*Exercise description*:
From first line to last, copy the listing exactly and omit its pictures.
----- Data extract
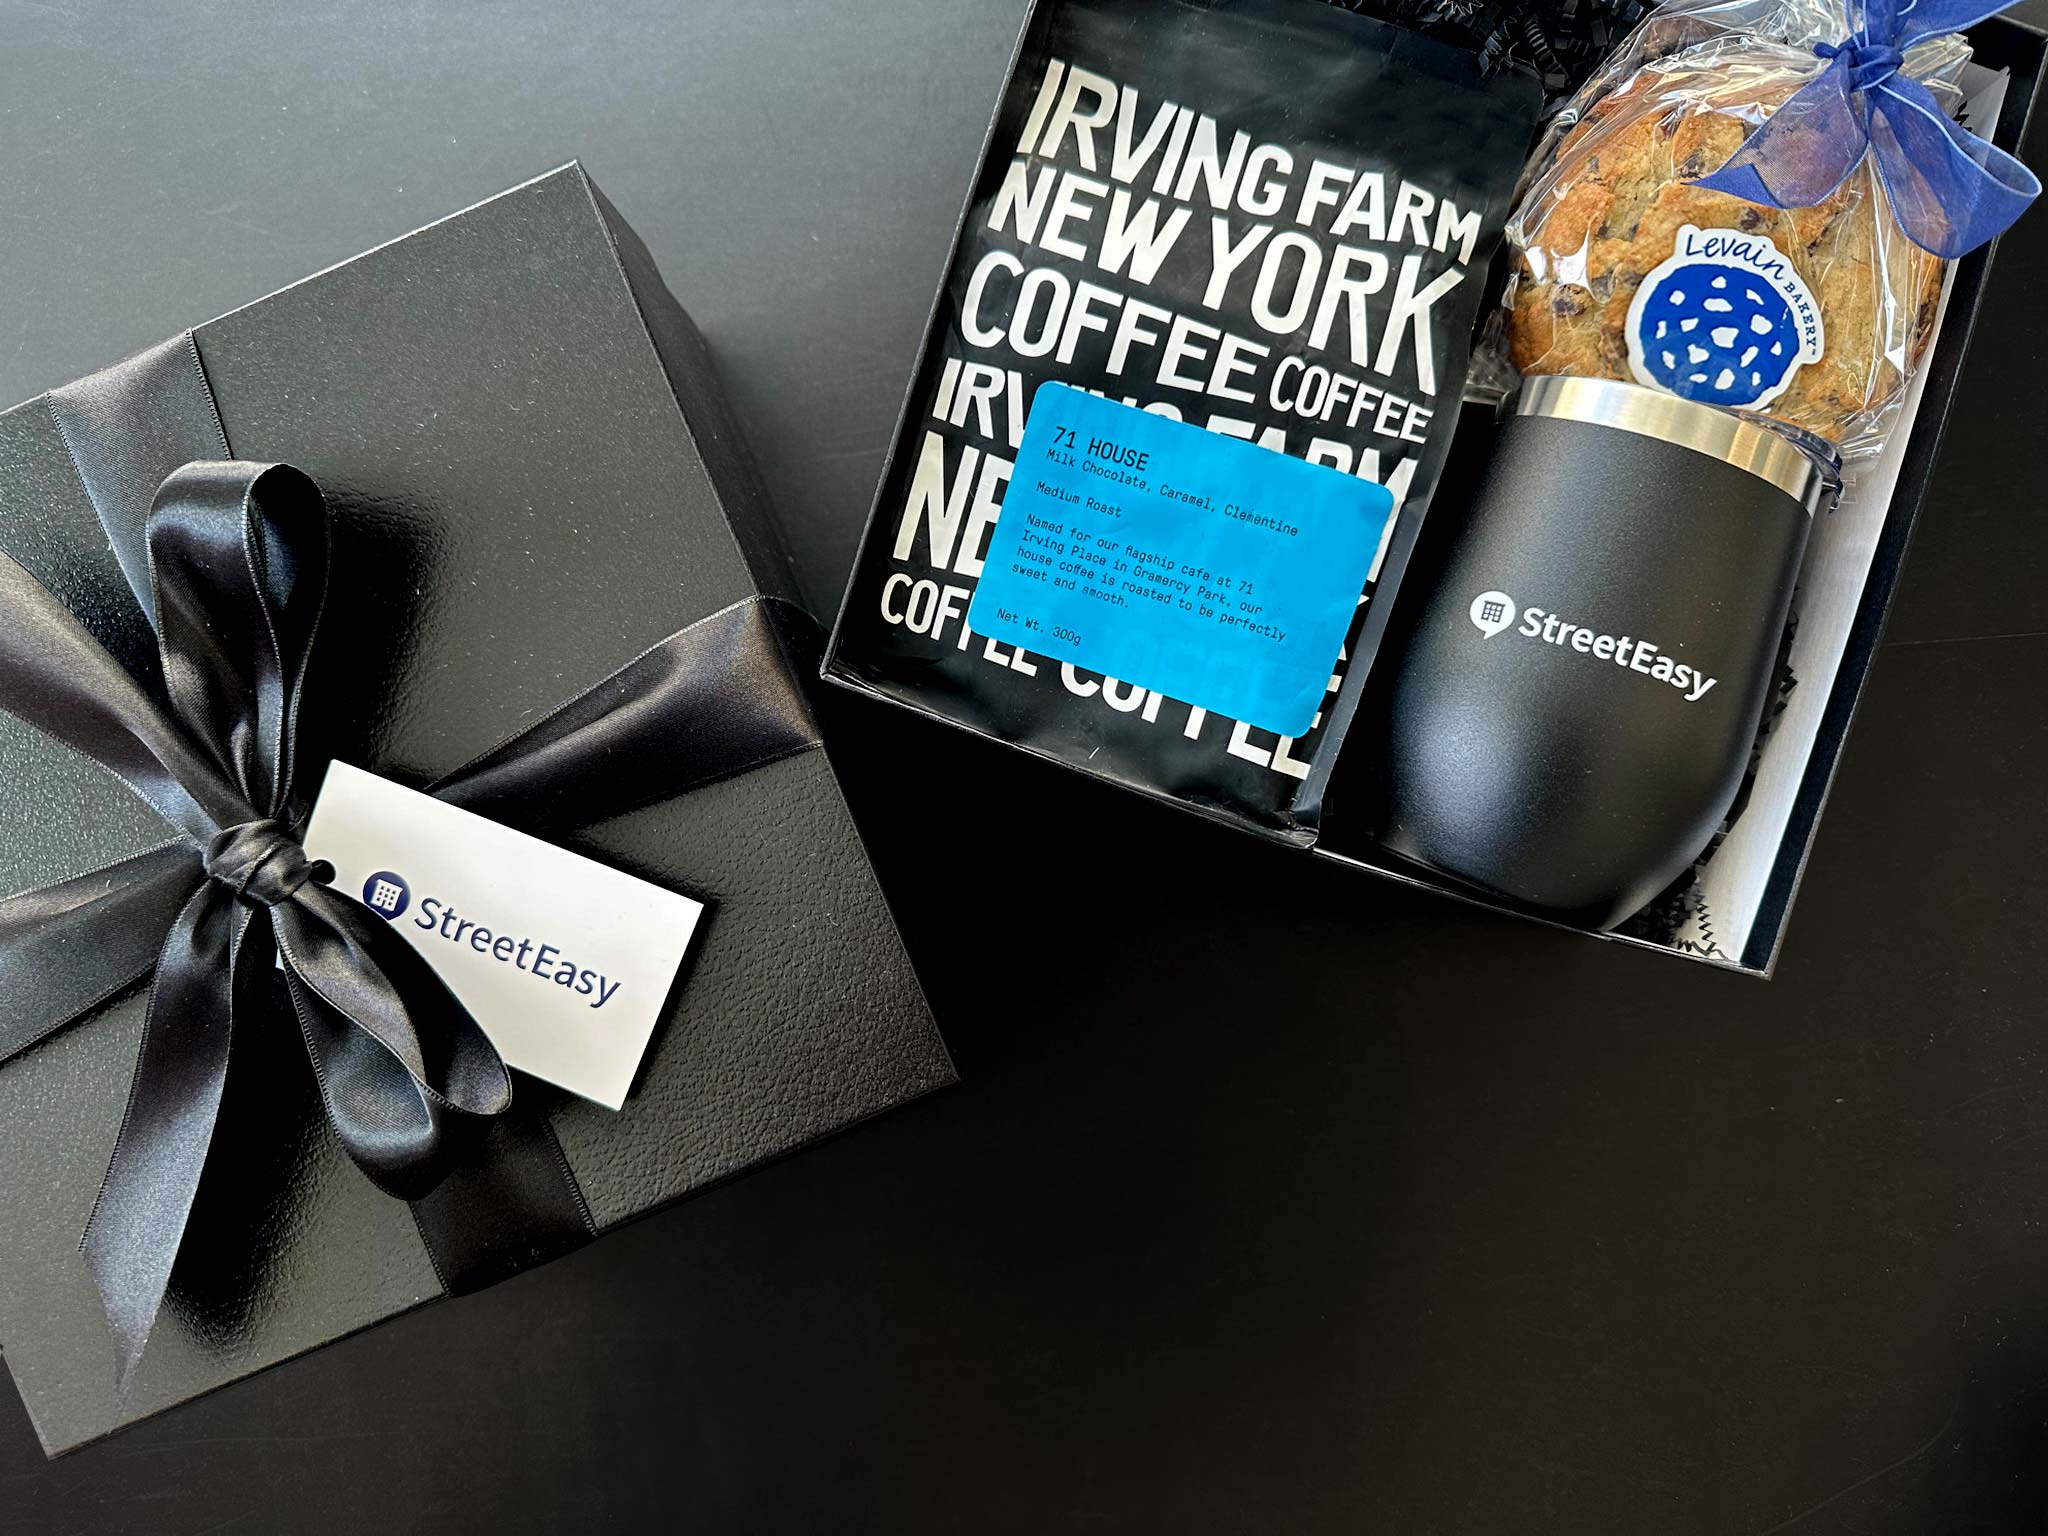 street easy customized corporate gift box with black box, branded mug, coffee and levain bakery cookies
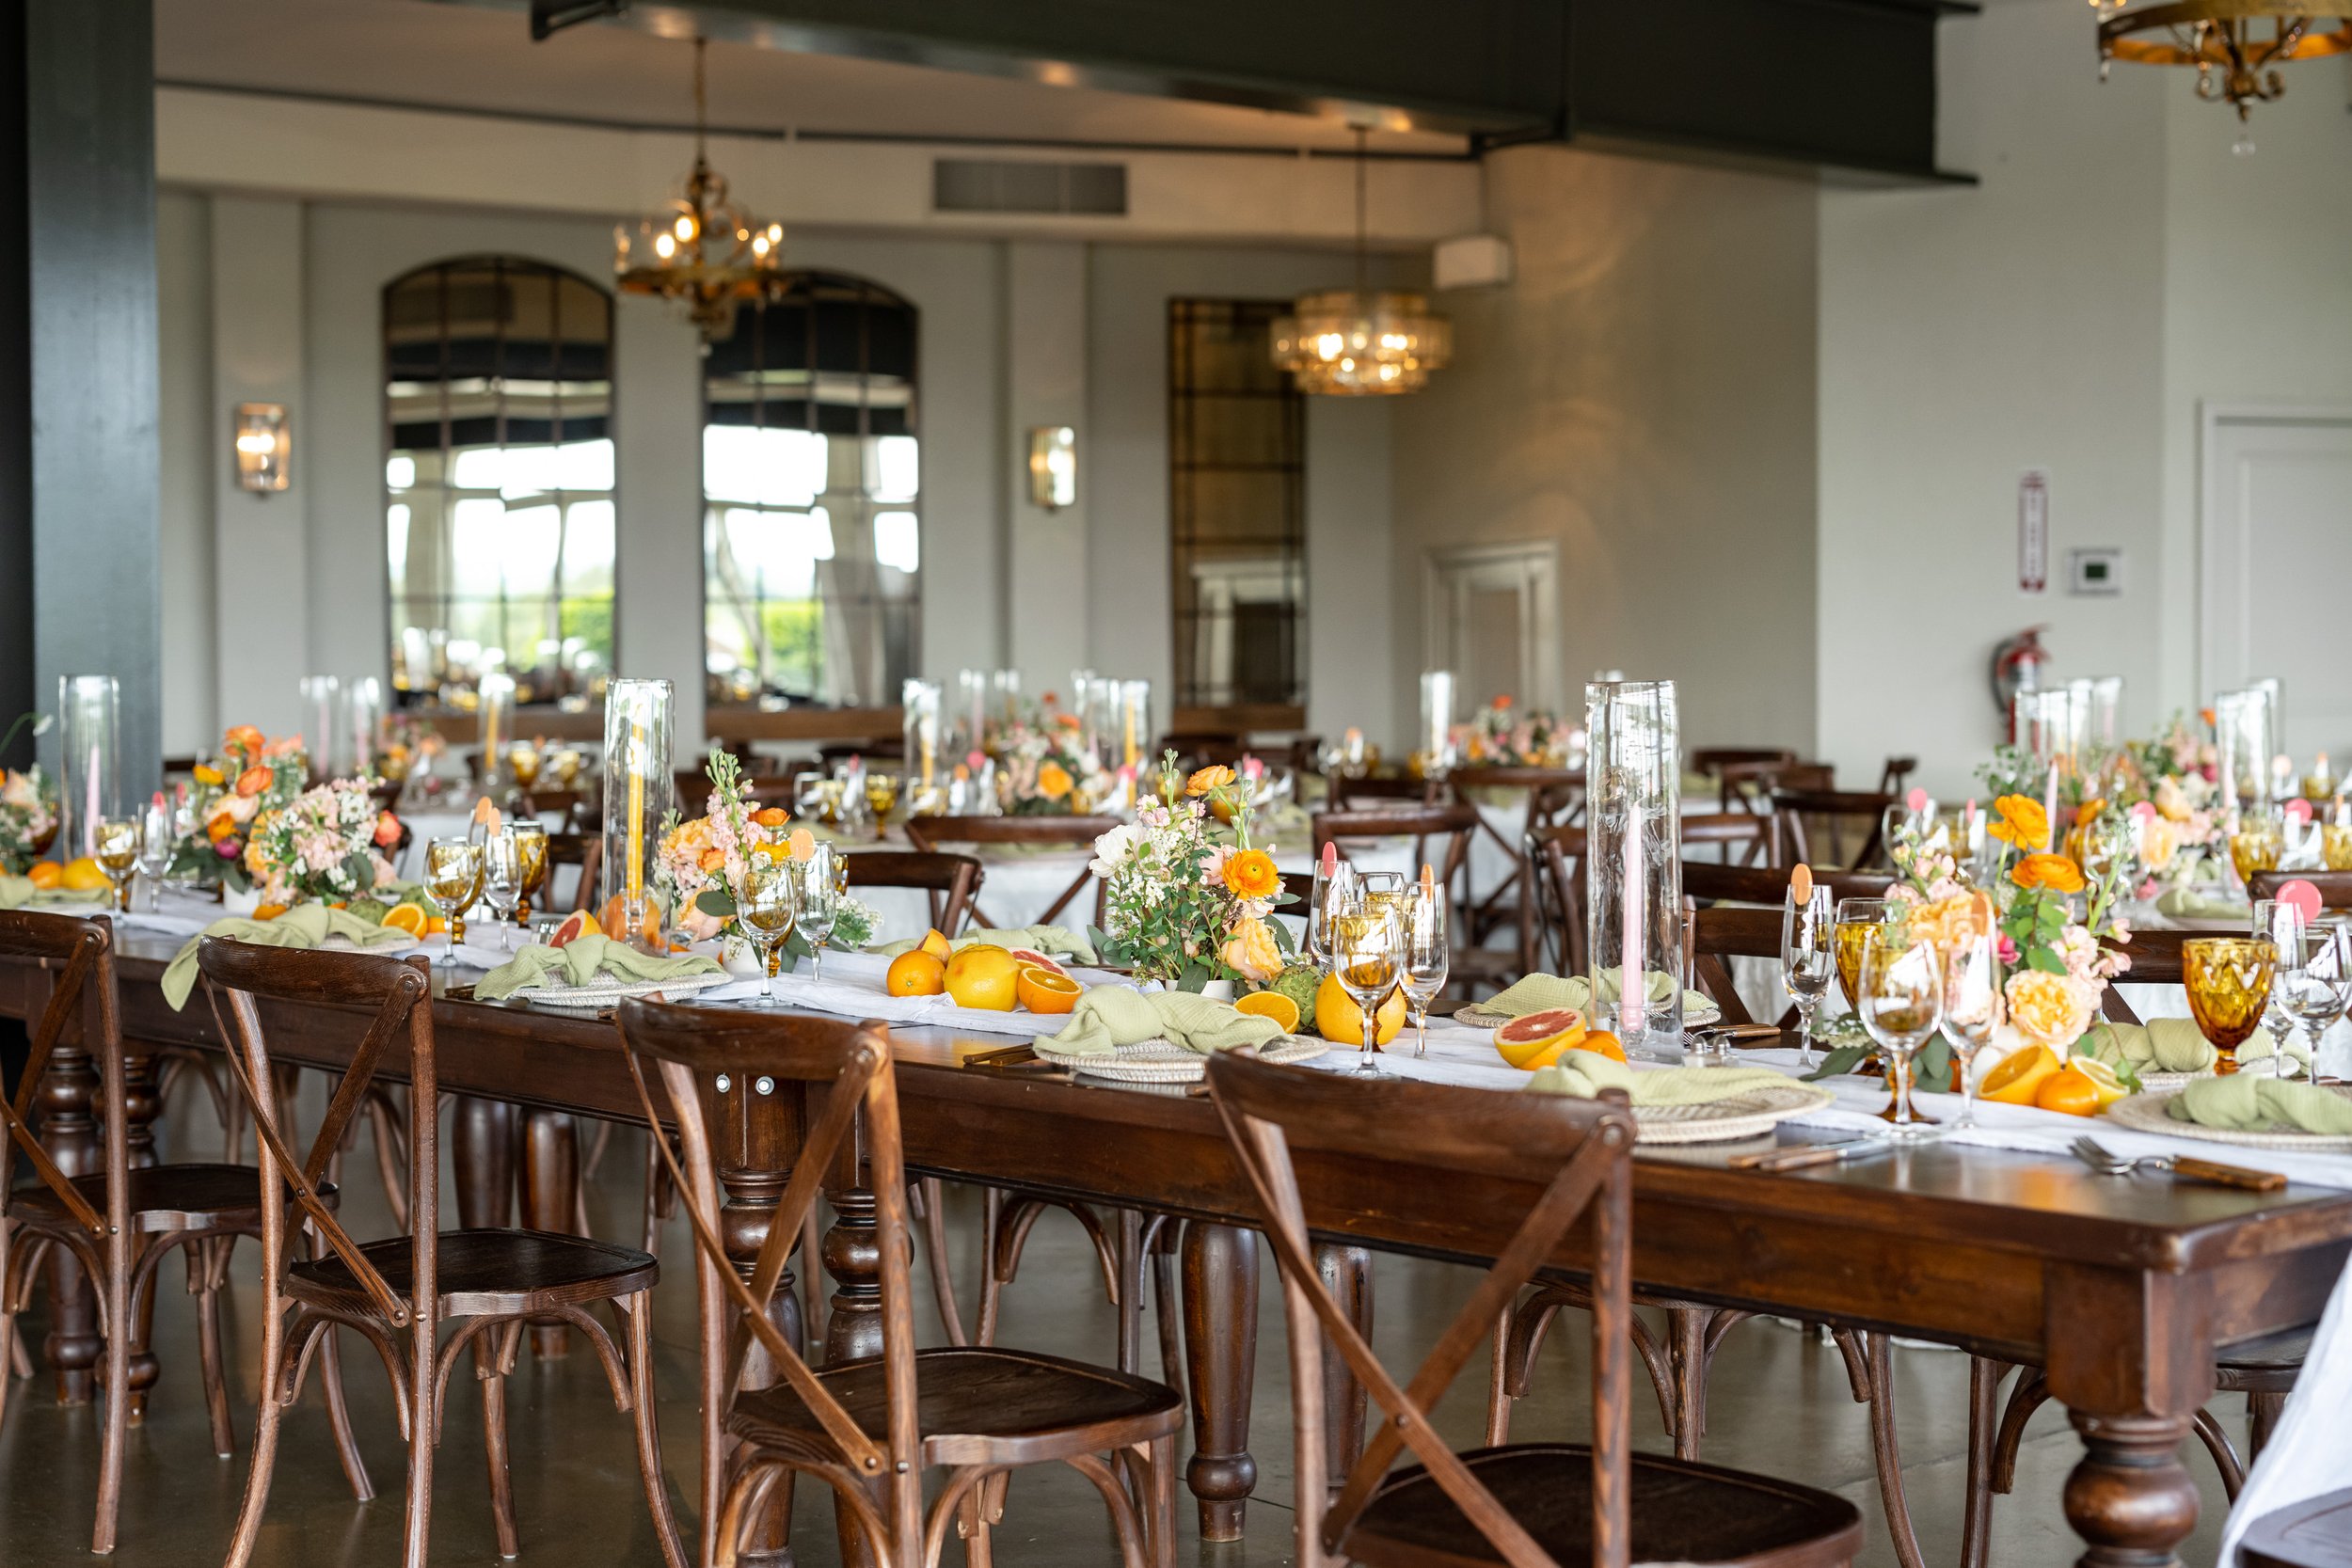 Citrus and artichoke themed wedding decor tables at Stone Tower
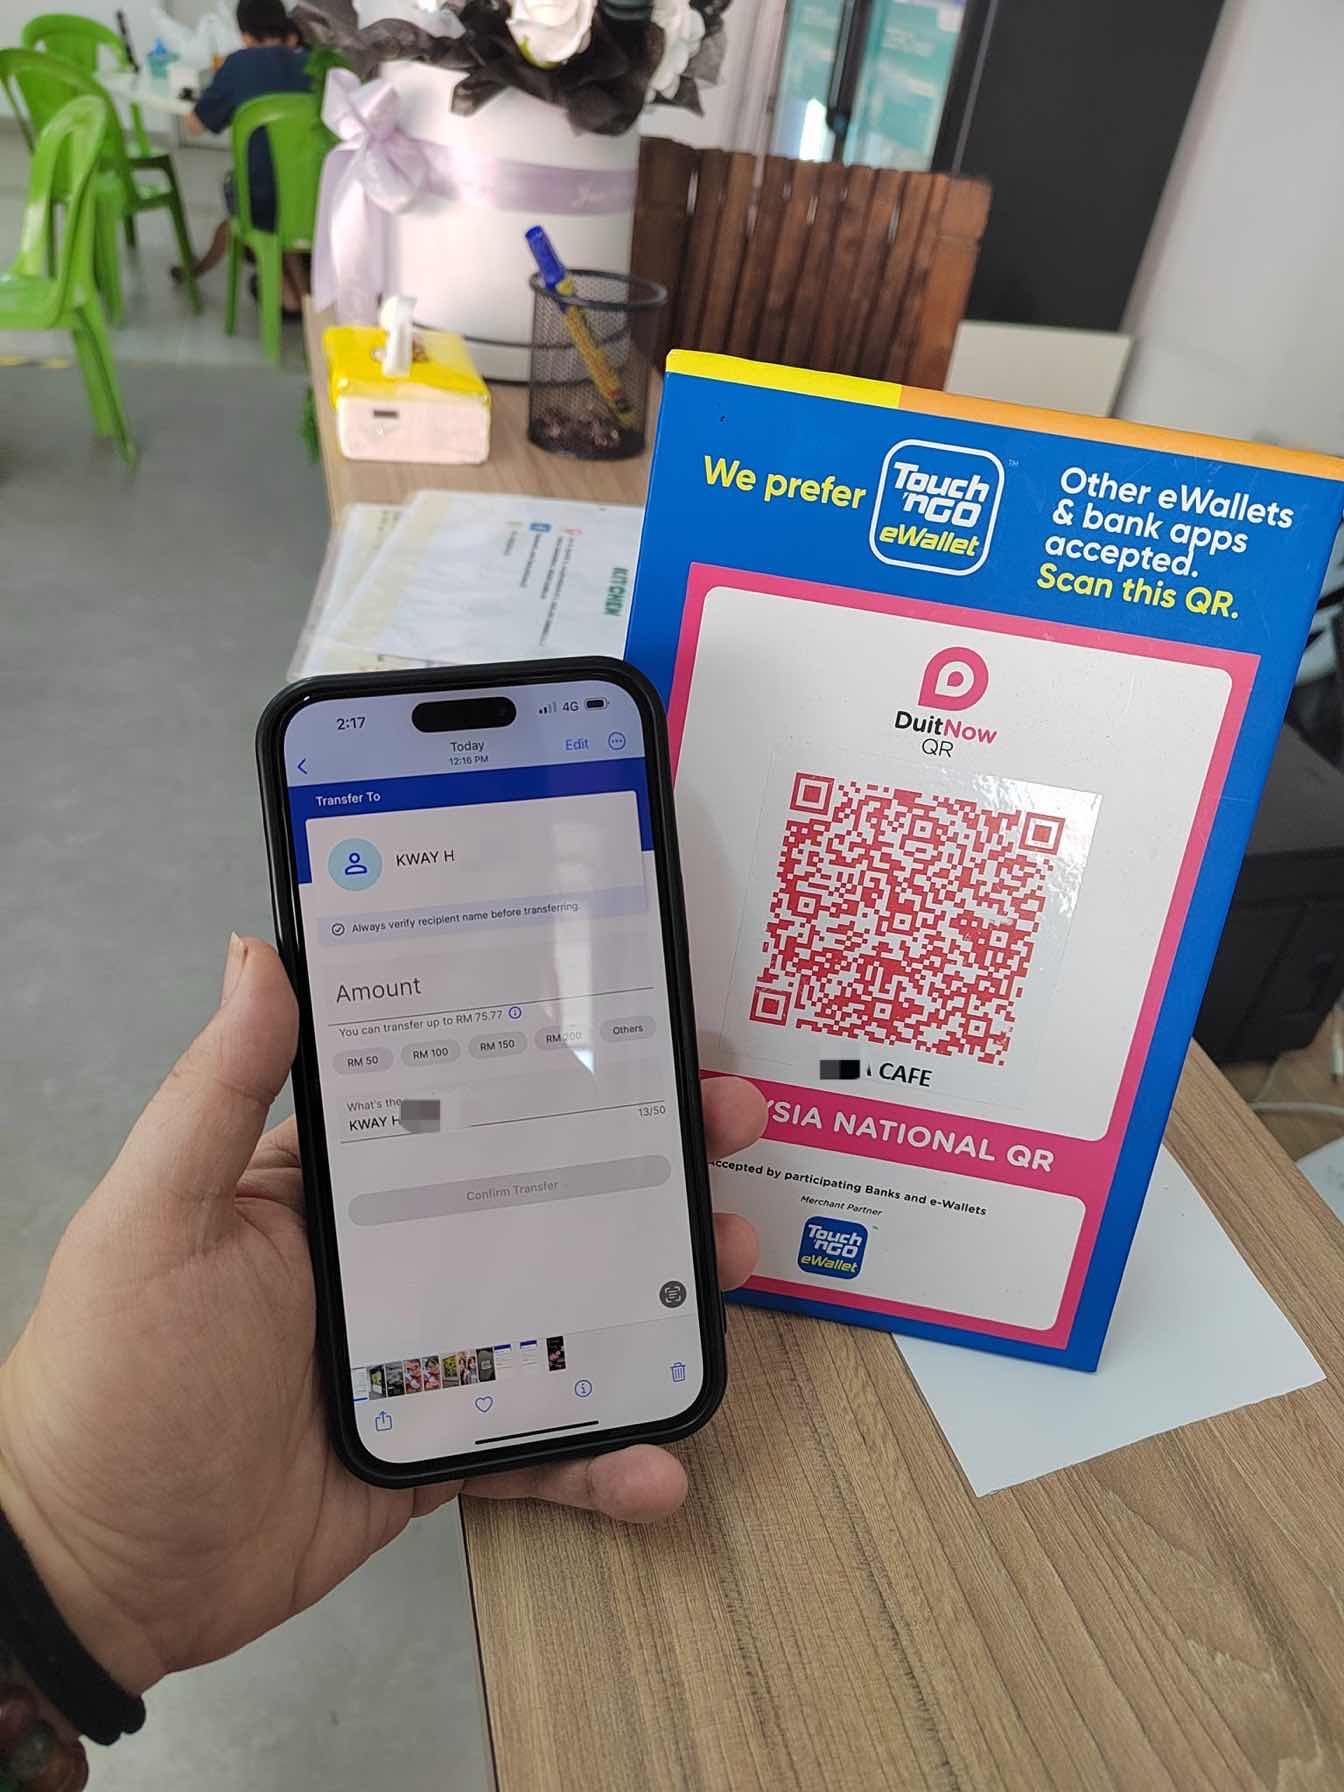 M'sian café owner stunned to find out counter's qr code swapped by someone in suspected scam
----------
*Task output*:
 street easy customized corporate gift box with black box, branded mug, coffee and levain bakery cookies
 Citrus and artichoke themed wedding decor tables at Stone Tower
 M'sian café owner stunned to find out counter's qr code swapped by someone in suspected scam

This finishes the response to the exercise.